Ağustos’un ortasındayız, denizin en güzel zamanlarını yaşıyoruz, ya üzerinde, ya içinde ya da sahilinde. İşte böyle bir zamanda enteresan bir tarihi gerçeğe ışık tutmak istiyoruz, deniz hamamlarına, ya da eski adıyla derya hamamları
Pera Müzesinde gösterimi süren “İstanbul’dan Deniz Sefası; Deniz Hamamından Plaja Nostalji” isimli sergi sayesinde Deniz Hamamları aklımıza geldi. (Hiç üşenmeyin gidin bu sergiye)
Biliyorsunuz ki bir Osmanlı bir İslam devletiydi ve mahremiyetten ötürü denizde yüzmek pek de uygun görülmezdi. 19. yy da Batılılaşmanın etkisiyle İstanbul’da halk ancak “deniz hamamları” ile denize girmeye başladı.
Yaz mevsimi geldiğinde denizin dibine kazıklar çakılır ve suya dayanaklı ağaç kütükleri ile dört bir tarafı kapatılırmış.Etrafına soyunma odaları, ihtiyaç odaları yerleştirilirmiş. Bazı sahillerde erkek ve kadın deniz hamamları, bazılarında ise sadece erkek veya sadece kadın hamamları varmış.
Bu dönemde yani 1840’larda 60 kadar deniz hamamı vardı. Yarısı kadınlara aitti.

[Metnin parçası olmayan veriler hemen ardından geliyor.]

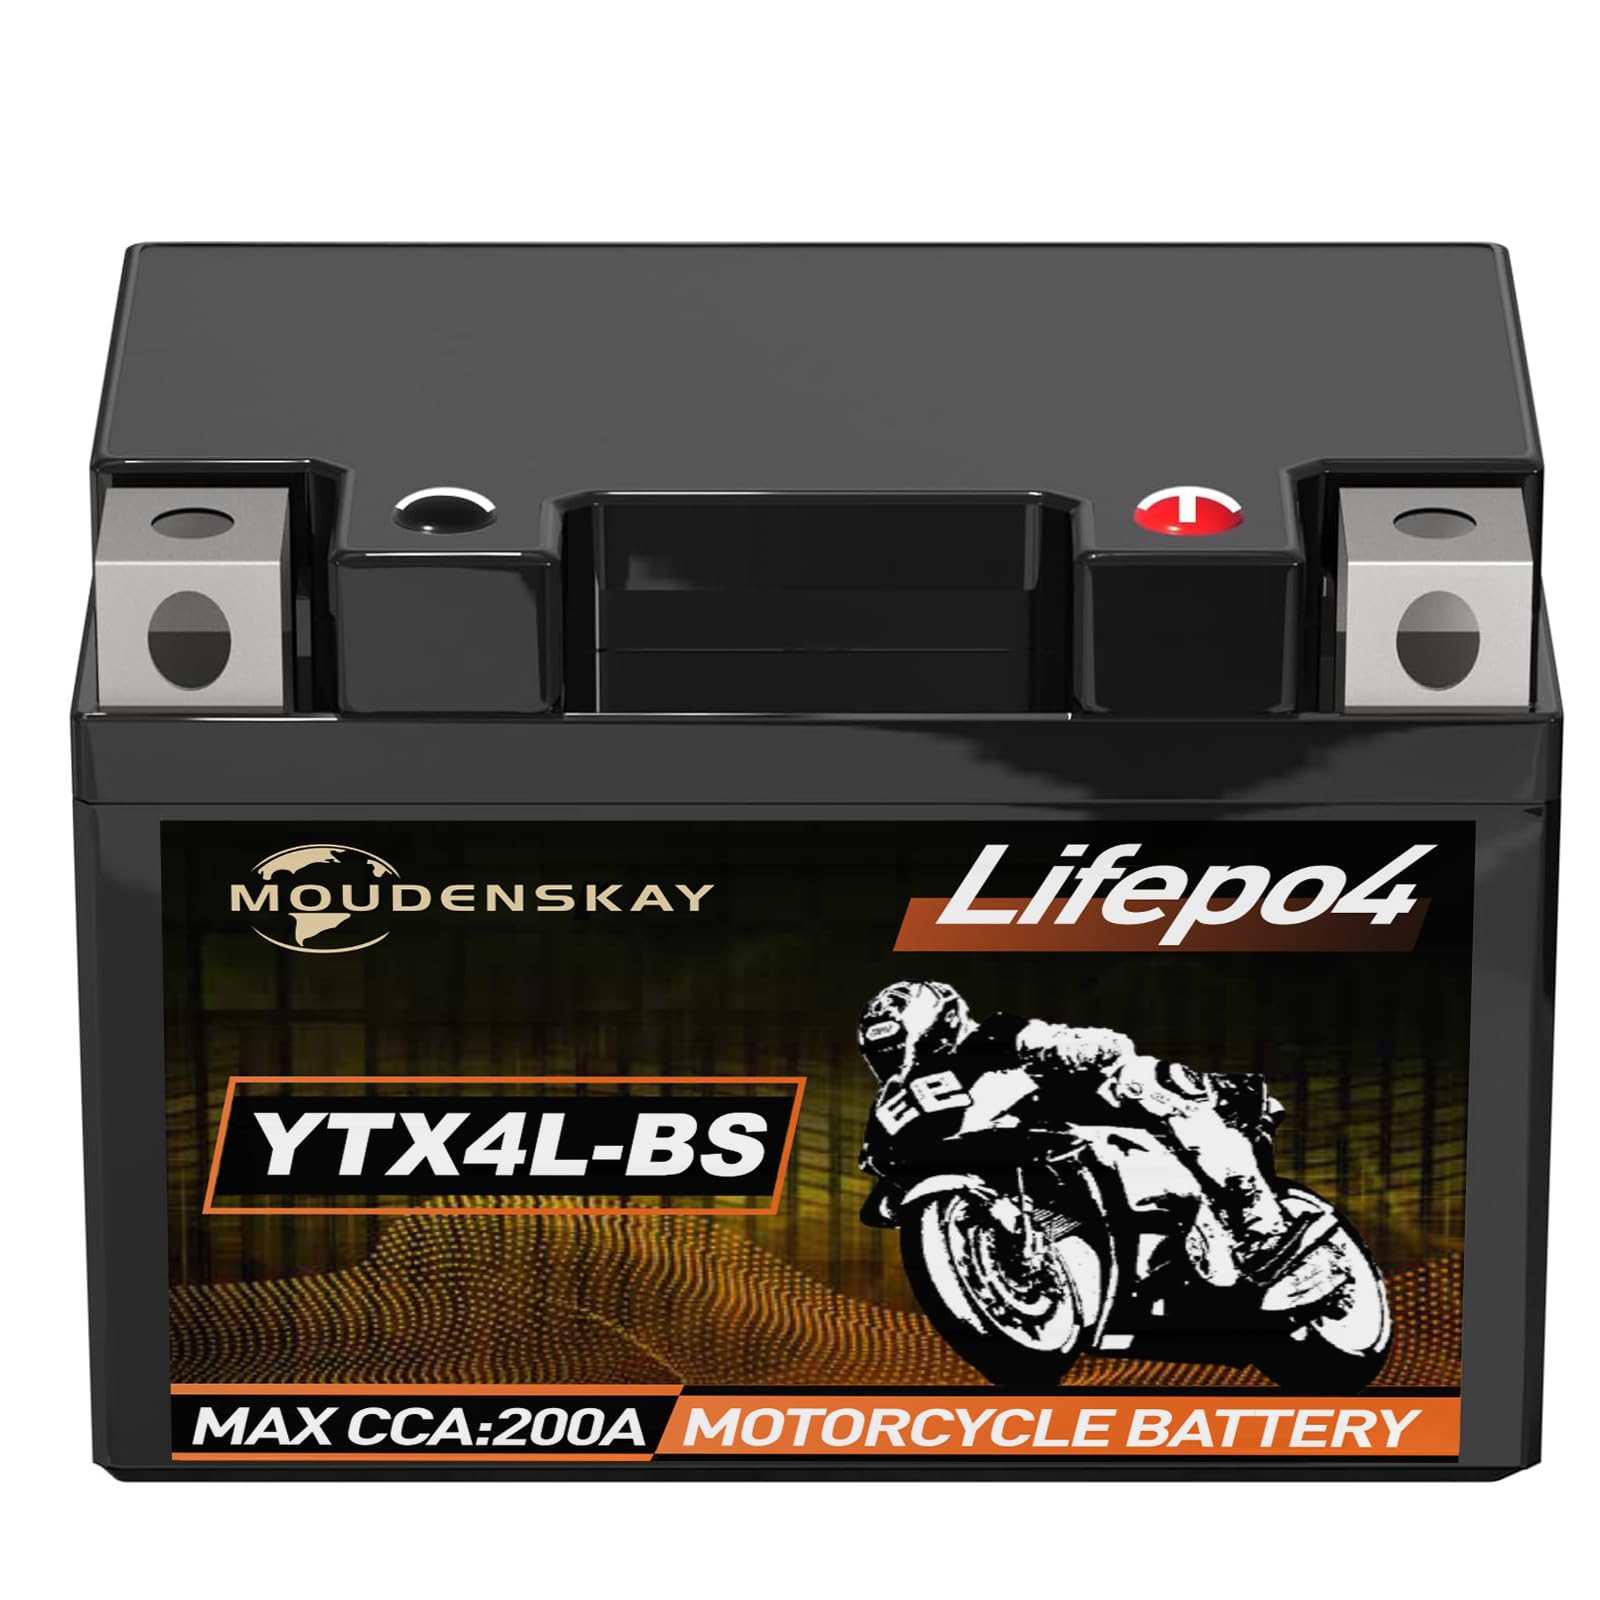 MOUDENSKAY Lithium Motorrad Batterie 12V Lithium Powersports Batterie mit BMS (YTX4L-BS 12.8V 2Ah 200A) LiFePO4 Motorrad Batterie Starterbatterien für Motorräder, ATV, UTV, Wasserfahrzeuge, etc von MOUDENSKAY

Moda, Beylerbeyi, Salıpazarı, Paşabahçe’de yalnız kadınlariçin, Kadıköy, Büyükada, Büyükdere, Beşiktaş, Salacak, Bebek, Kabataş, Üsküdar, Çengelköy, Tarabya, Yeniköy, Çatladıkapı, Yenikapı, Ahırkapı, Üsküdar-Ayazma İskelesi, Heybeliada, Kuleli, Beykoz, Yenimahalle, İstinye, Kuruçeşme, Kumkapı, Samatya, Makriköy (Bakırköy), Ayastefanos (Yeşilköy), Ortaköy ve Davutpaşa’da, hem kadınlar, hem de erkekler için yan yana deniz hamamları vardı. Erkekler dizi örten peştamal veya “deniz donu” giyer, kadınlar boyundan diz altına kadar gecelik benzeri kıyafetler giyerdi.

Hay Allah iyiliğini versin Osmanlı, hiç deniz tahta ile örtülür mü:)
Deniz hamamları arasına ses işitilmeyecek kadar, mesafe bırakılır; erkeklerin seyretmek amacıyla yanaşmaması için polis sandalı bu arada devriye gezerdi.
Neyse ki 1920’lerden itibaren deniz plajları alışkanlığı İstanbul’a geldi. Bunda Rus ihtilalinden kaçan Rusların etkisi büyük.